Dem politischen Menschen Breitbach war eben auch in der Zeit seiner festen Bindung an die Partei ein Hang zu Objektivität nicht auszutreiben. Umso erstaunlicher war das Schicksal von Buch und Autor nach Erscheinen der Erzählung. Die deutschen Kommunisten rochen den Braten und monierten, was damals dem Autor selbst noch nicht klar war, eine allzu ambivalente Haltung und das Fehlen eindeutiger Parteiheroen in seinem Text. In Moskau hingegen kam das Buch unter der hohen Protektion des Kommissars Lunatscharskij heraus - dass der Protektor zehn Jahre später unter Stalin hingerichtet wurde, hat gewiss mit Breitbachs Buch zum wenigsten zu tun, aber ein Zeichen seiner "Unzuverlässigkeit" mag das Interesse an der Literatur eines jungen deutschen Genossen schon gewesen sein. Die Eigentümer des Kaufhauses, in dem Breitbach die Buchabteilung leitete, waren nicht erfreut und kündigten dem Ausplauderer von Betriebsinterna fristlos. Damit waren die Bande der Provinz zerrissen, und das Lebensabenteuer des Joseph Breitbach begann.
Es gibt eine Erzählung in diesem Band, die aus der Reihe jener Stücke, die thematisch durch ihr Personal - die Herumtreiber und kleinen Strolche, die Verkäuferinnen und die möblierten Herren - verbunden sind, vollständig herausfällt und die auf einer tieferen Schicht als der der politischen Argumentation erklärt, warum Breitbach sich vom Kommunismus abgewandt hat. "Die Raben" schildern den Raubkrieg zwischen zwei Völkern, nämlich den Hühnern und den Krähen - ein einziger Mensch kommt in der Geschichte vor.
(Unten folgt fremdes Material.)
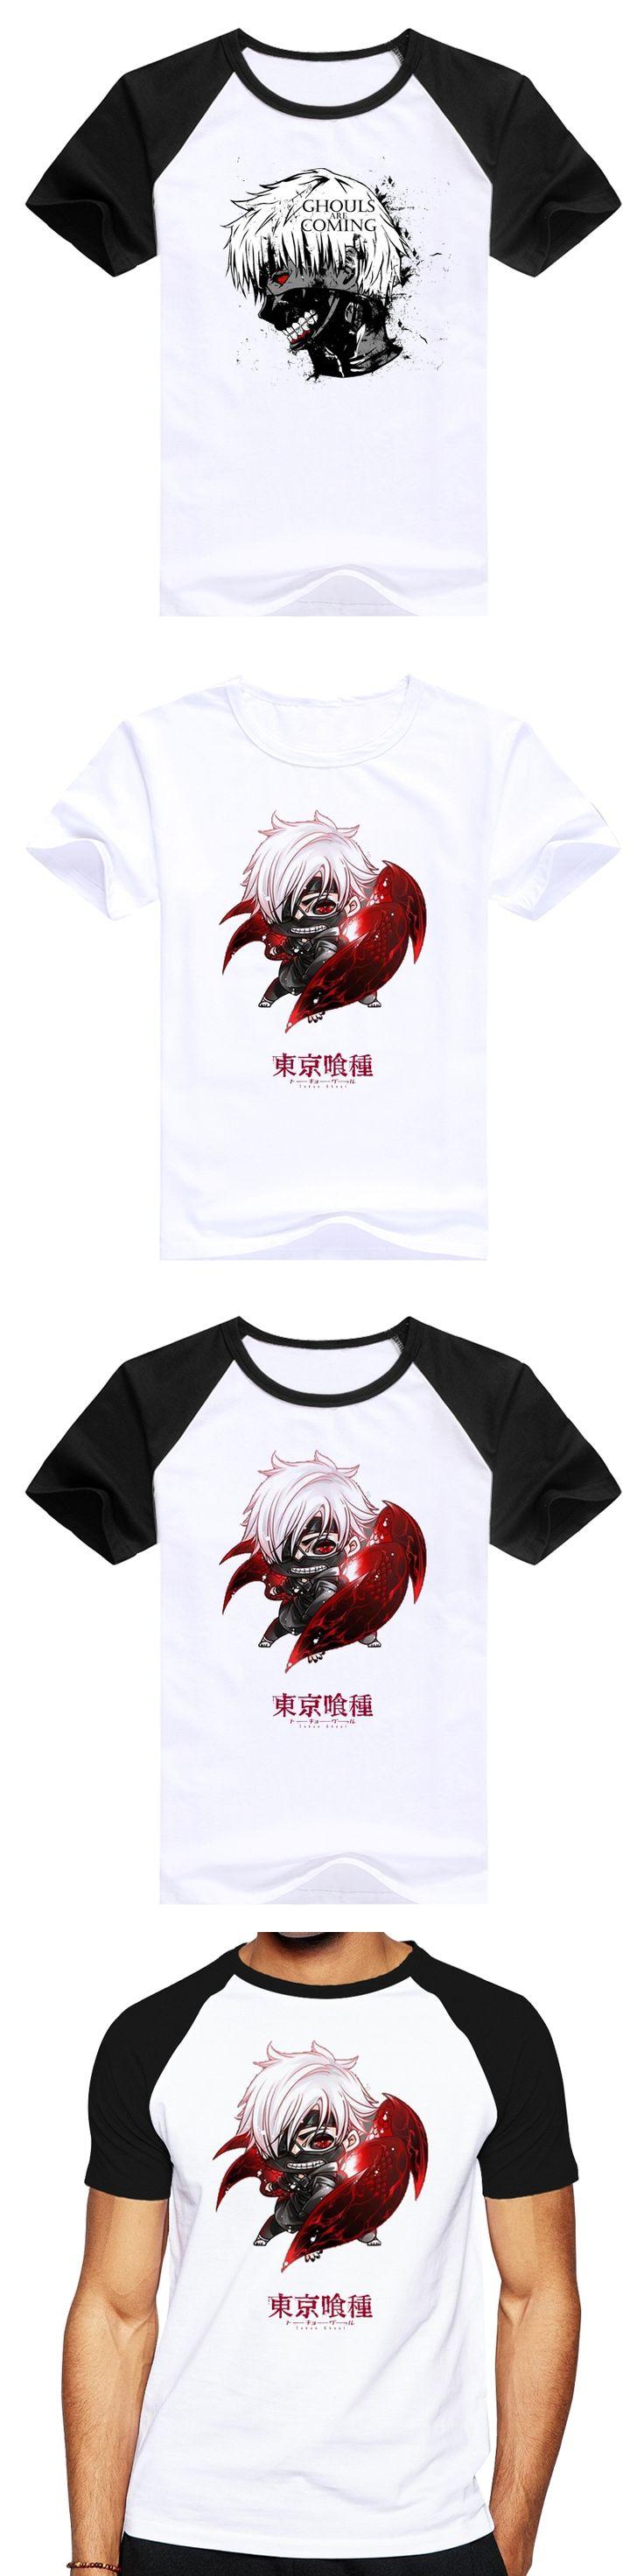 Men Summer hip hop Short Sleeve manga Tokyo Ghoul T-shirts Animation Cartoon Sasuke Ninja Print T Shirts Fashion Shirts Design

Aber obwohl es leicht wäre, diese Vogelmassaker auf eine gleichnishafte Ebene zu heben, würde man der Erzählung damit keinesfalls gerecht. Dazu sind die Abläufe viel zu genau und viel zu eindringlich beobachtet. Und es geht auch gar nicht um die mörderische Welt des Fressens und Gefressenwerdens in einem barbarischen Naturzustand. Es geht um den beobachtenden und in den Vogelkampf eingreifenden Menschen, in dessen Herzen sich unversehens eine Quelle des finstersten Hasses auftut und der einem Rachegelüst freien Lauf lässt, das in keinem Verhältnis zur Übeltat der Krähen mehr steht.
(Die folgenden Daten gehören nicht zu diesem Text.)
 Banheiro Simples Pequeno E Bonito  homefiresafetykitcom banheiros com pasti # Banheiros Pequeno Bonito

Der Mensch allein, im unterdrückungsfreien Naturzustand auf freier Wildbahn als Gebärer der schwärzesten Teufelei - welches idealistische Konzept sollte sich auf eine solche Anthropologie noch beziehen können? Es überrascht, den mondänen und lebensgenießenden Mann, der Breitbach in der Erinnerung vieler Zeitgenossen war, in solcher Verzweiflung zu erleben. Dass er sie nur in diesem einzigen, aber sehr gewichtigen Text zum Ausdruck brachte, gehört auch zu den Charakteristika einer Kontrolliertheit, der er sein Lebenswerk unterwarf.
Joseph Breitbach: "Rot gegen Rot". Sämtliche Erzählungen. Herausgegeben von Wolfgang Mettmann und Alexandra Plettenberg-Serban. Wallstein Verlag, Göttingen 2008. 512 S., geb., 24,- [Euro].